Oh Blog How I Missed Thee

The days have been long and the work has been hard. I wanted to write here for so long but I just didn’t get enough time. School has been getting hard. School is probably the biggest stress I have right now. If I don’t do well this semester, its pretty much over. And this semester is among the hardest as well. So much work to do, its not even funny. We’ll see how it goes.

I got threatened last week. This is what happened: This guy comes into the store and asks me to provide him with a service we offer. He had a few requests which I fulfulled. For some reason, right when this guy walked in, I knew he would give me problems. And my instincts were right. When he came back to pick up his stuff and pay me, I told him what the price was and he flipped out on me. This idiot of a guy threatened to kill me. He started yelling at me infront of all the clients and just going off. I told him our prices are listed right where everyone drops off their stuff (interestingly enough, the prices were listed right infront of him as he yelled at me). He gave me the money and inside I was laughing. But for some reason, I was scared for the entire weekend that his maniac would come in and kill me. Maybe its normal for that to happen. I’ve never really been threatened with my life before so Im kinda new at this. We lost a customer but whatever. If you’re stupid and can’t read and don’t value the work people do for you, go into a whole and die. I don’t want or need your money. This only confirmes my belief that people are inherantly stupid.

I’ve been procrastinating again. I have to find a job because my parents don’t want to pay me. I have to get my resume updated but I find the process of going out and searching for a job extremely demoralizing and depressing. Moreover, I am of the belief that if anyone is attending post secondary, they SHOULD NOT have to work in order to sustain themselves. Students put in hours and effort into school than they do into any McDonald’s job that, at the end of the day, has no signifigance or intrinsic worth. In essence, school is a full time job that is not only good for obvious reasons, it has an intrinsic value that cannot be expressed in monetary terms. A student, therefore should put all their energy into activities that are related to school. They should not have to worry about the fact that they “have work in the morning,” – a phrase that literally makes me sick to my stomach.

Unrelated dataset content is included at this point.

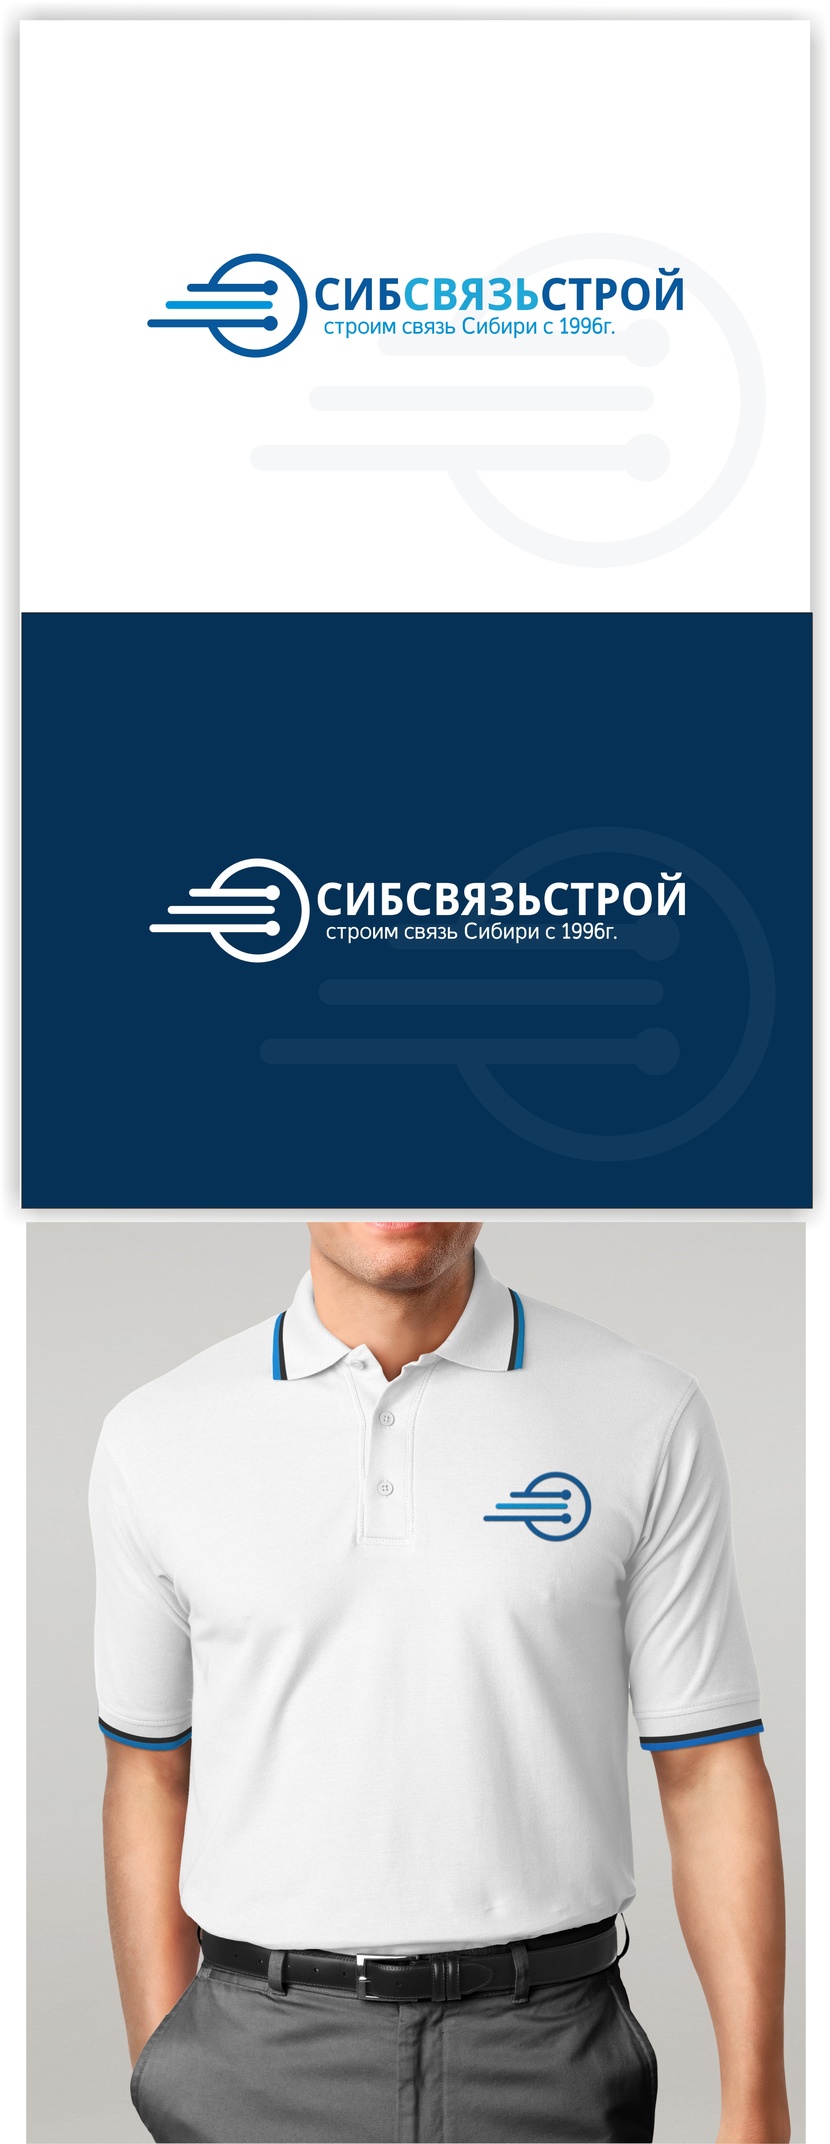 3 - Разработка или ребрендинг существующего логотипа компании Сибсвязьстрой

My philosophy prof said something intriguing a few weeks ago which has still stuck to me. He said that if it were up to him, he would abolish the entire grading system. Why? Because grades kill school, especially post secondary like university or college. He is of the belief that grades are used as a means of bribing students into learning. Or to put it another way, grades are the carrot and the students are the donkey. Once grades are introduced into learning, the love and excitement that comes with learning goes away. Why? Because grades are in essence a cohersive tool to used to get someone to coup with learning, rather than falling in love with learning so as to achieve the necessary grades to get into Law, Grad, or for a job. Grades therefore kill school and kill learning. Grades don’t acruately reflect how much a person knows or even what they know. Grades measure how much and how well a person memorized at that particular time and day. I find this to be very true.